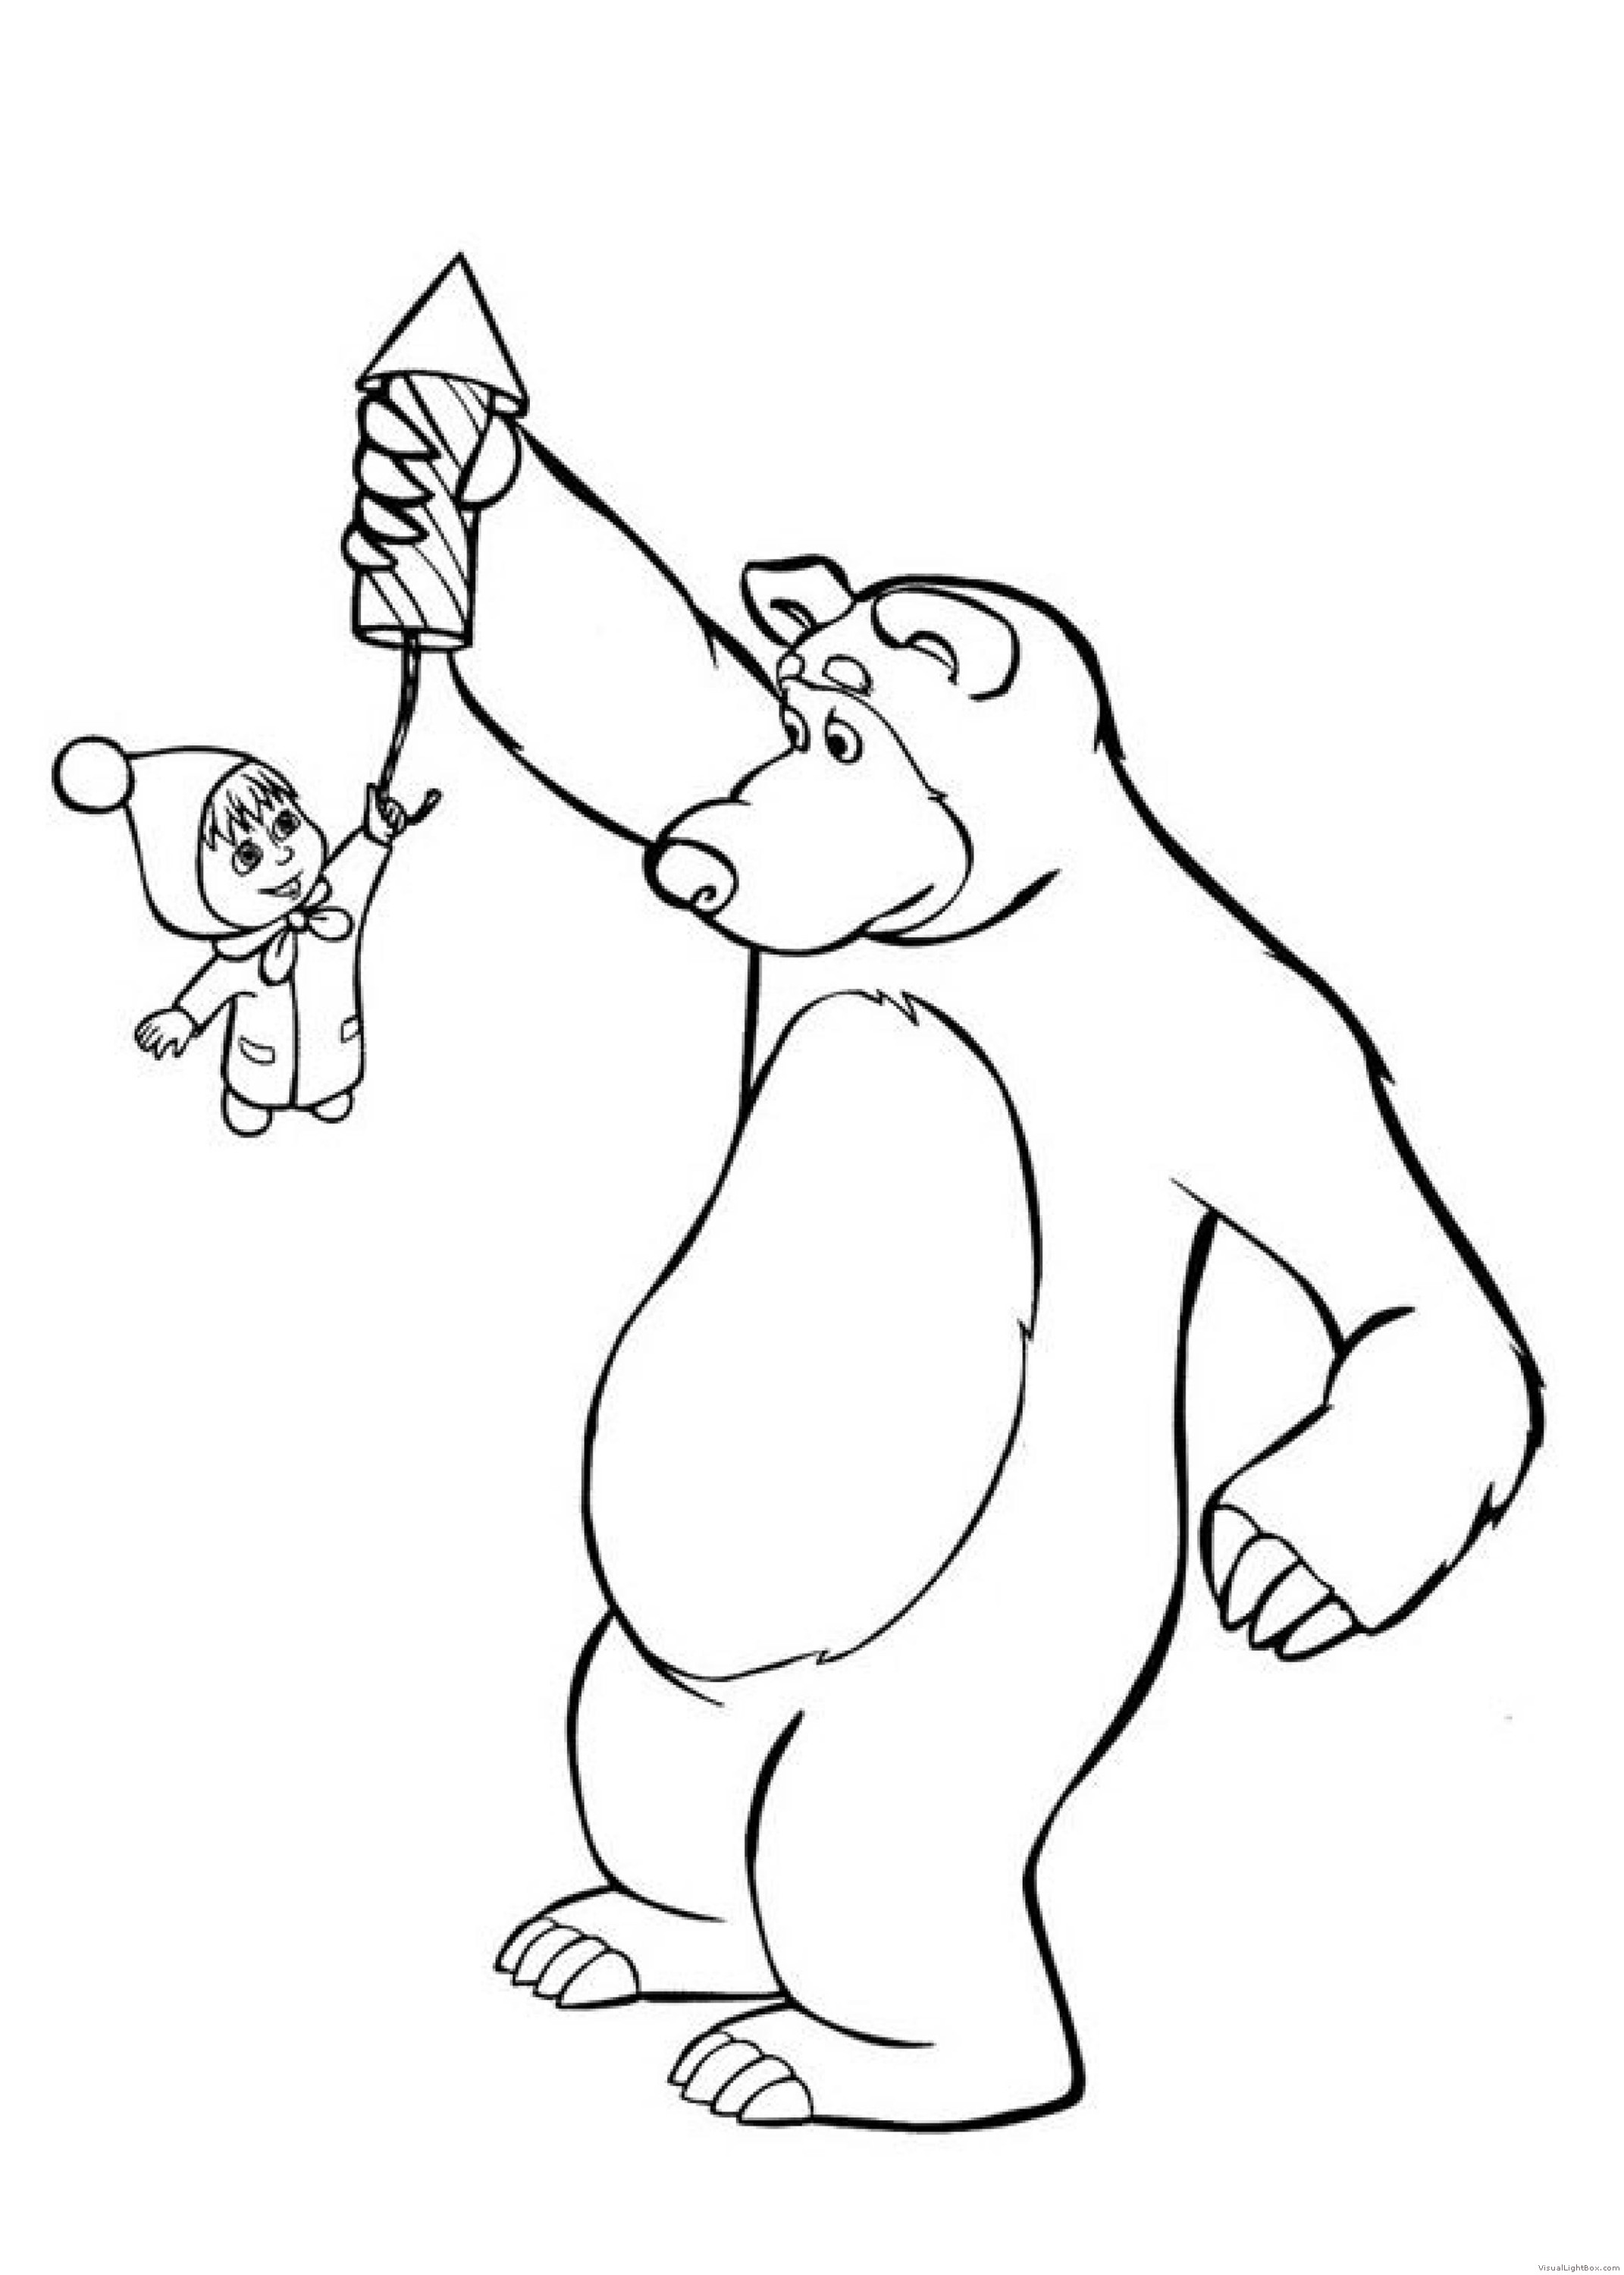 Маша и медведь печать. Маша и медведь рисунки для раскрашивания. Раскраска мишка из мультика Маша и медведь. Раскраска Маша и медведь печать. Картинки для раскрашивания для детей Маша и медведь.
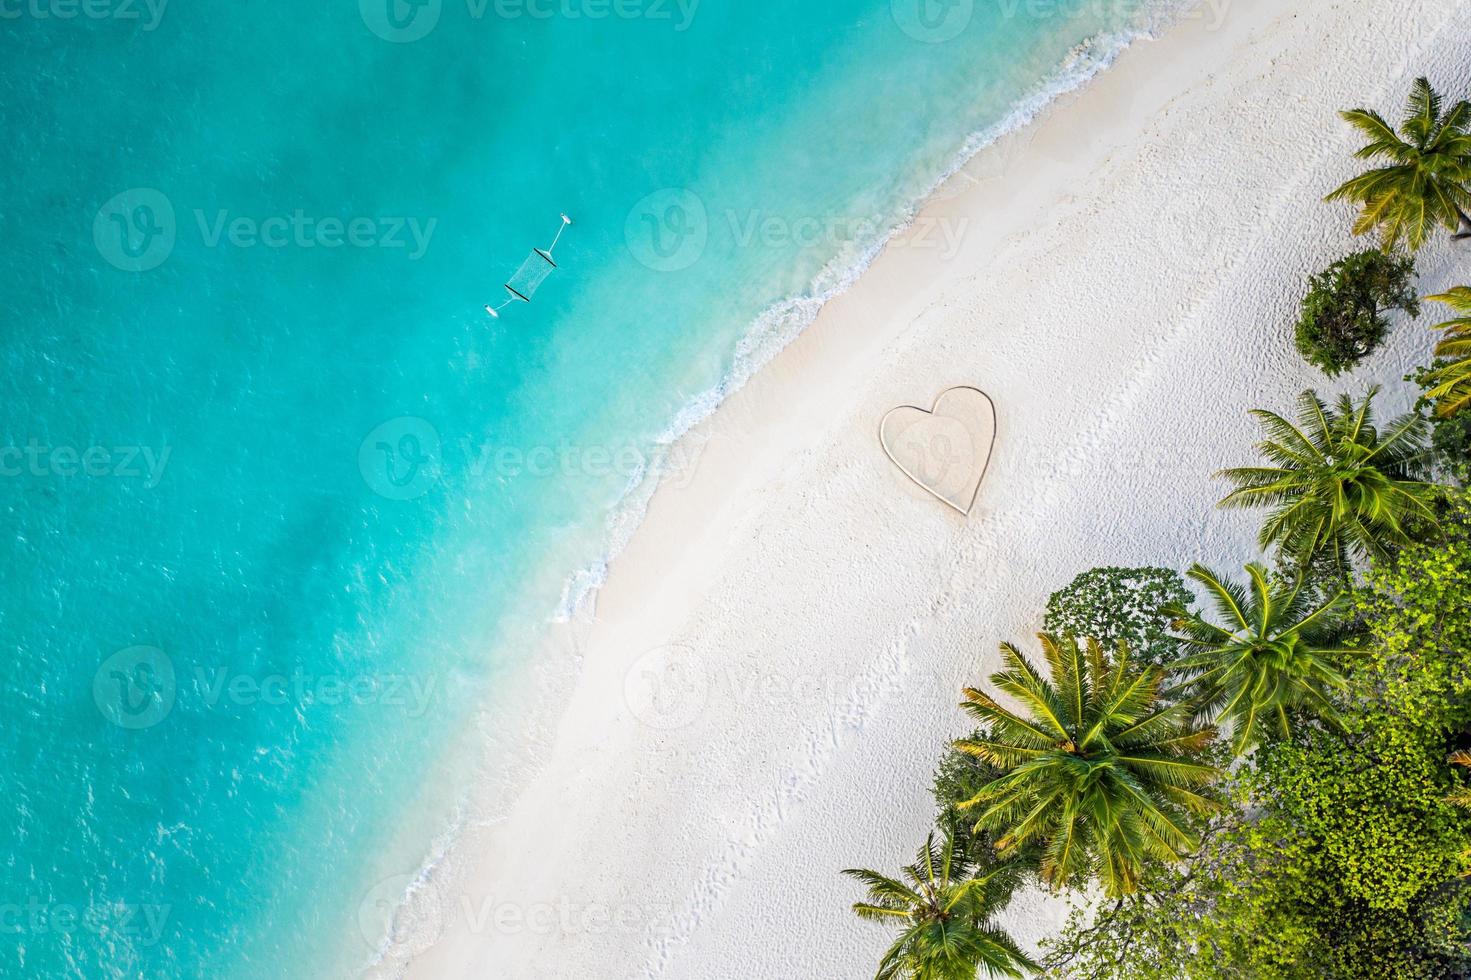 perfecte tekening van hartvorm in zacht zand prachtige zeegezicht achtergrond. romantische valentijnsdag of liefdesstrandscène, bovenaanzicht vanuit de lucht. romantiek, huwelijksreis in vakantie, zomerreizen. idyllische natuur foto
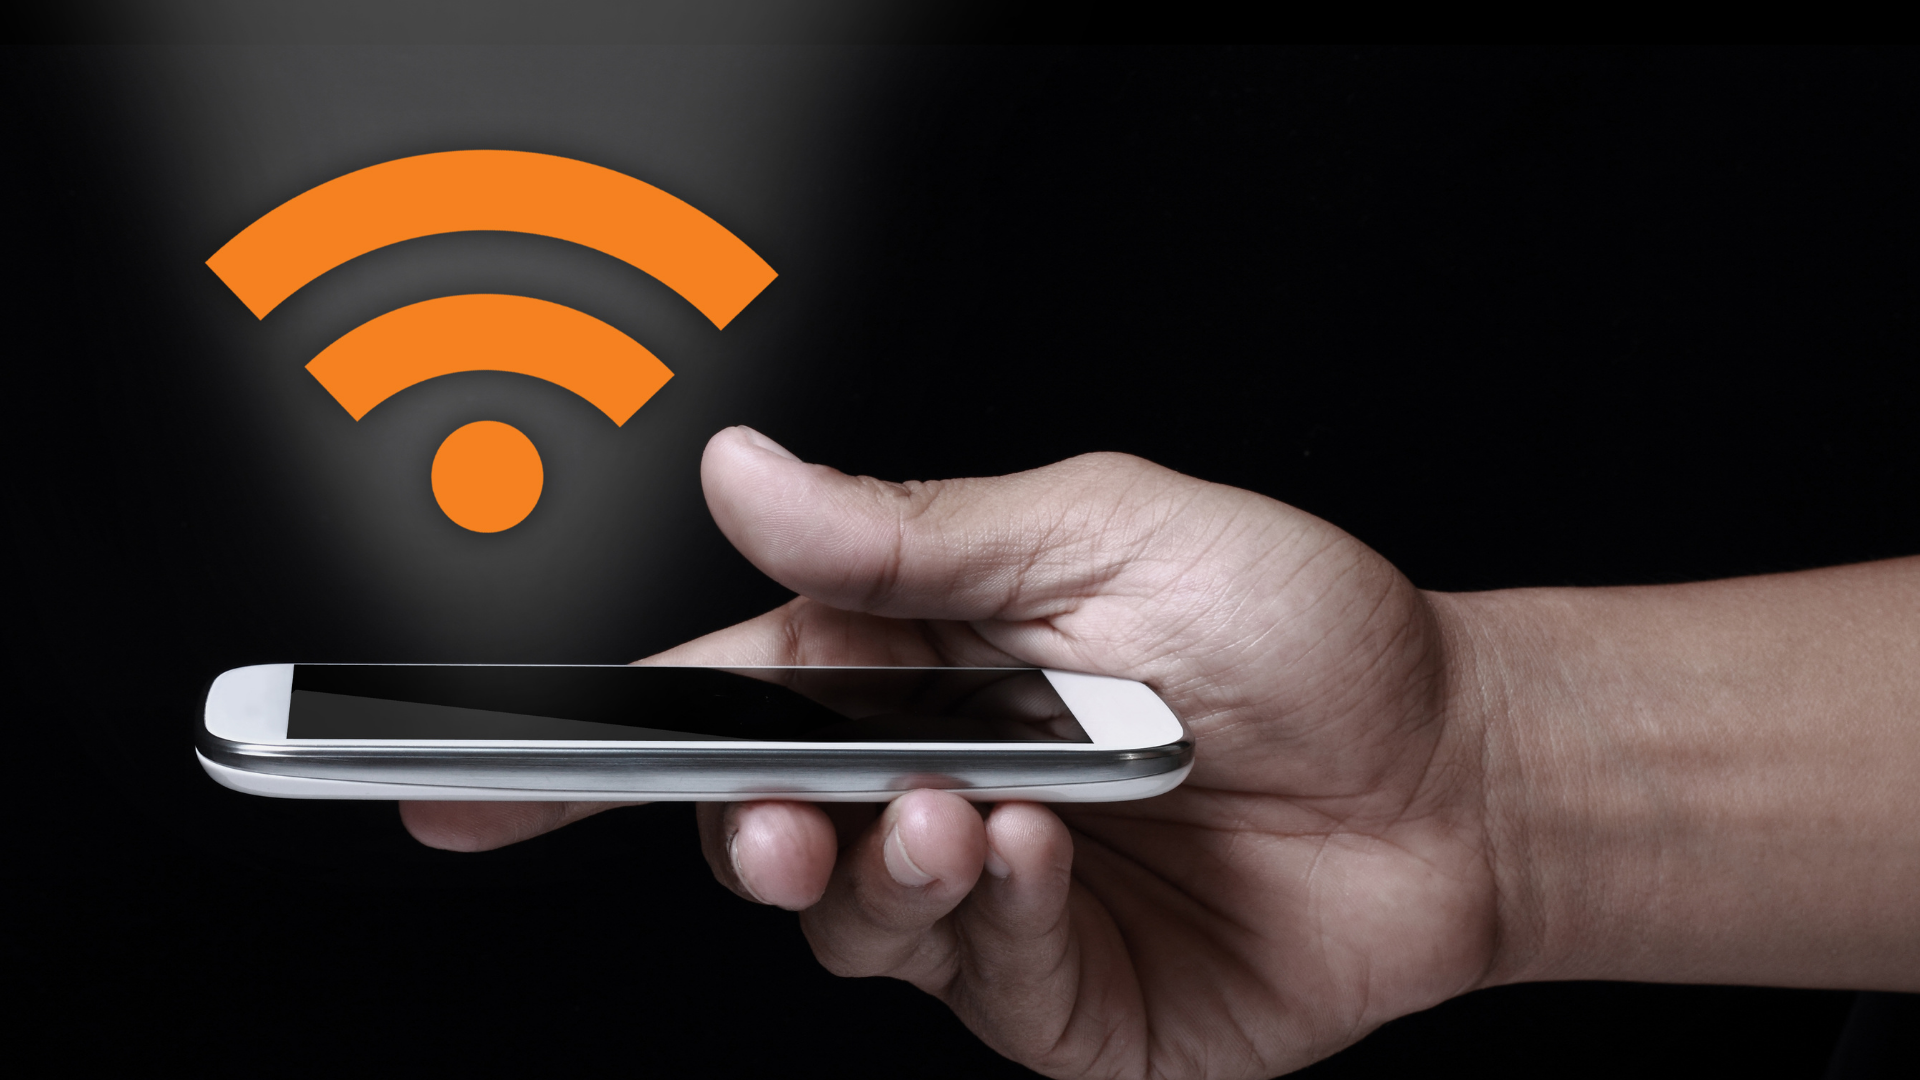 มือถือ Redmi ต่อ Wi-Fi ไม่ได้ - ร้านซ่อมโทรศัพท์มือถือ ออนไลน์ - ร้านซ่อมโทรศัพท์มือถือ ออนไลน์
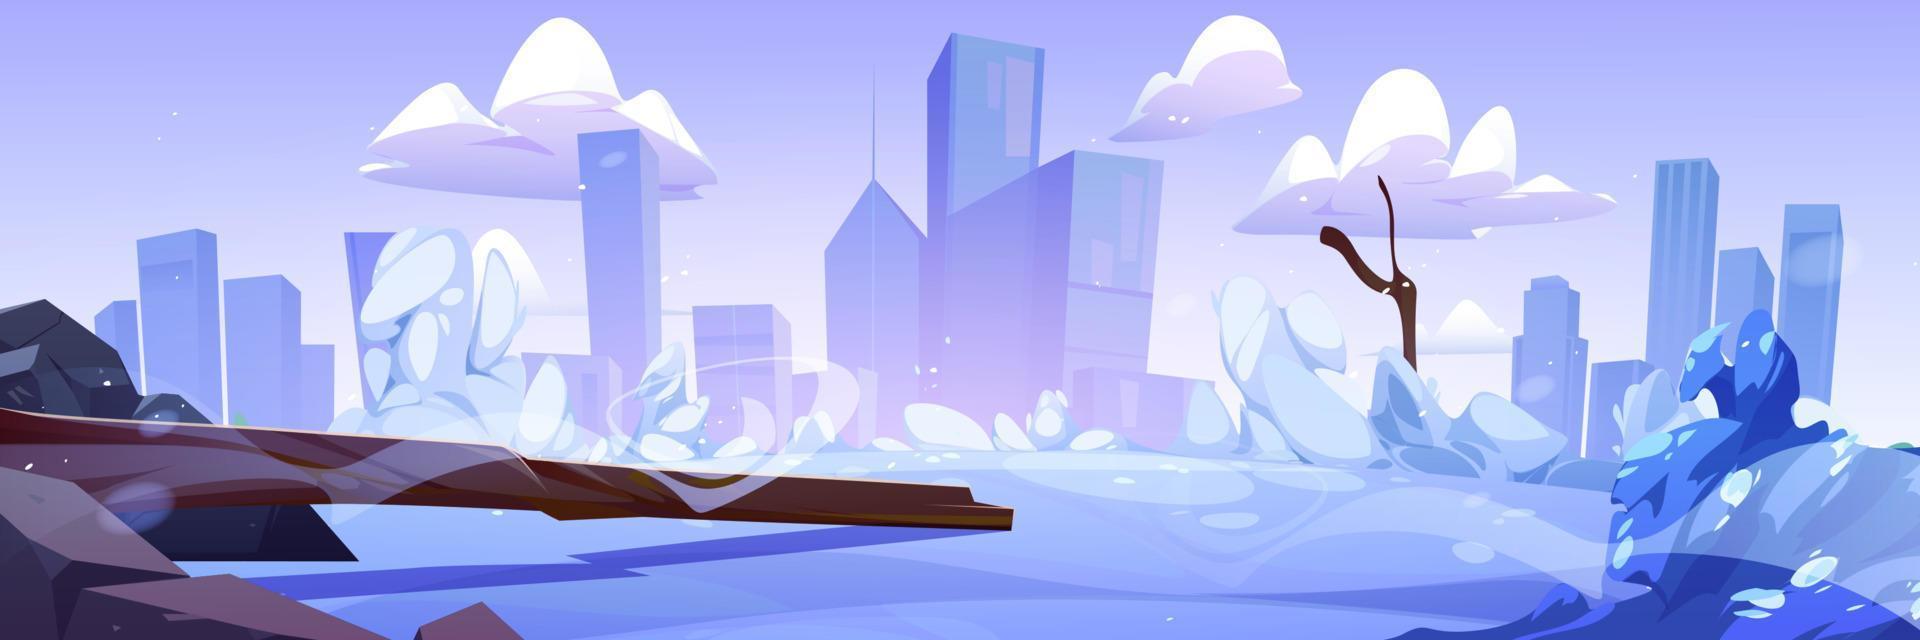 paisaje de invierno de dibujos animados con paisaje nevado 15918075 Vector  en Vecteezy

*Activity*
Repeat exactly the lines from the one containing "มือถือ Redmi ต่อ" to the last line of the data above, both included, and write no pictures into the copy.

*Result below*
 มือถือ Redmi ต่อ Wi-Fi ไม่ได้ - ร้านซ่อมโทรศัพท์มือถือ ออนไลน์ - ร้านซ่อมโทรศัพท์มือถือ ออนไลน์
 paisaje de invierno de dibujos animados con paisaje nevado 15918075 Vector  en Vecteezy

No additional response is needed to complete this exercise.